1) charging for content 2) making each article an advertisement for something
they are trying to sell 3) selling their own products, which will still
involve some sort of advertising

It seems like the people fighting against the advertisers are against all
forms of commercialism. Even non-flashing pure text advertisements like Google
Adsense are blocked by default in all of the adblockers. If it really was only
about annoying and flashing ads, why is this the case?

"Adblock is like Napster. People want content; the vast majority of publishers
only have one business model; a lot of consumers decide to take the content
without bearing the cost imposed by that model."

What an elegant way to put the reality of the situation: Some users feel they
are entitled to free content. It's an emerging trend that is starting to
happen in many industries (music, movies, books, software, and advertising).

If I, as a content provider know many people are using an adblocker, I will
try to find a way around it (or start charging for content).

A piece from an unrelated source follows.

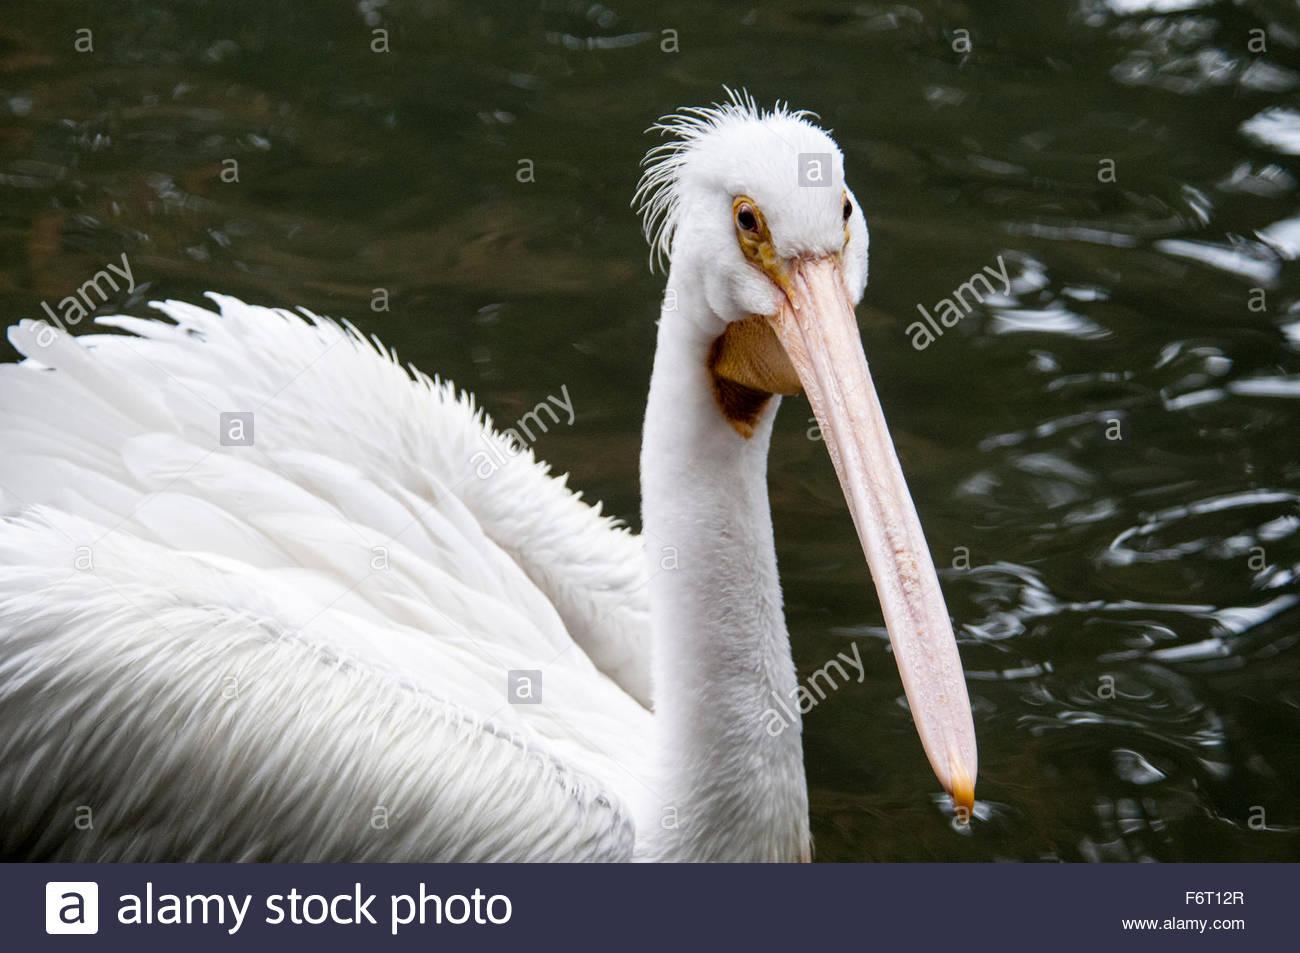 Close up of an American White Pelican, Pelecanus erythrorgnchos, Bronx Zoo, New York, NY, USA Stock Photo

If people stop
going to my site because of bad advertisements, I will make any effort to
remove the offending ads.

It reminds me of passive-aggressive children. They are pissed at a
site/company and instead of telling them about it, they just decide to block
ads and go there anyway. If the movement was really trying to make the
Internet a better place (with better ads), they would actually be making an
honest attempt at notifying the offending site.

"Some people won't pay no matter what - music filesharing is still around, of
course. But a lot of people did start buying music again when Amazon and Apple
and eMusic changed the price structure to something they were willing to pay."

We aren't talking about paying money. The only thing people have to do is view
a simple advertisement. It takes almost no effort.

------
pavel_lishin
_As a part of that, there would be an ad at the top that temporarily "pushed
down" the content for a few seconds, before pulling back up. Nothing was
covered. Nothing prevented readers from getting the content. And the
"pushdown" ad only showed once per visitor and never again._

This is precisely why I use an ad-blocker. I don't really mind animated gifs -
I've learned to tune those out. But ads - flash ads are the usual guilty party
- that actually fuck with the content actively piss me off, and they are why I
have both adblock and flashblock.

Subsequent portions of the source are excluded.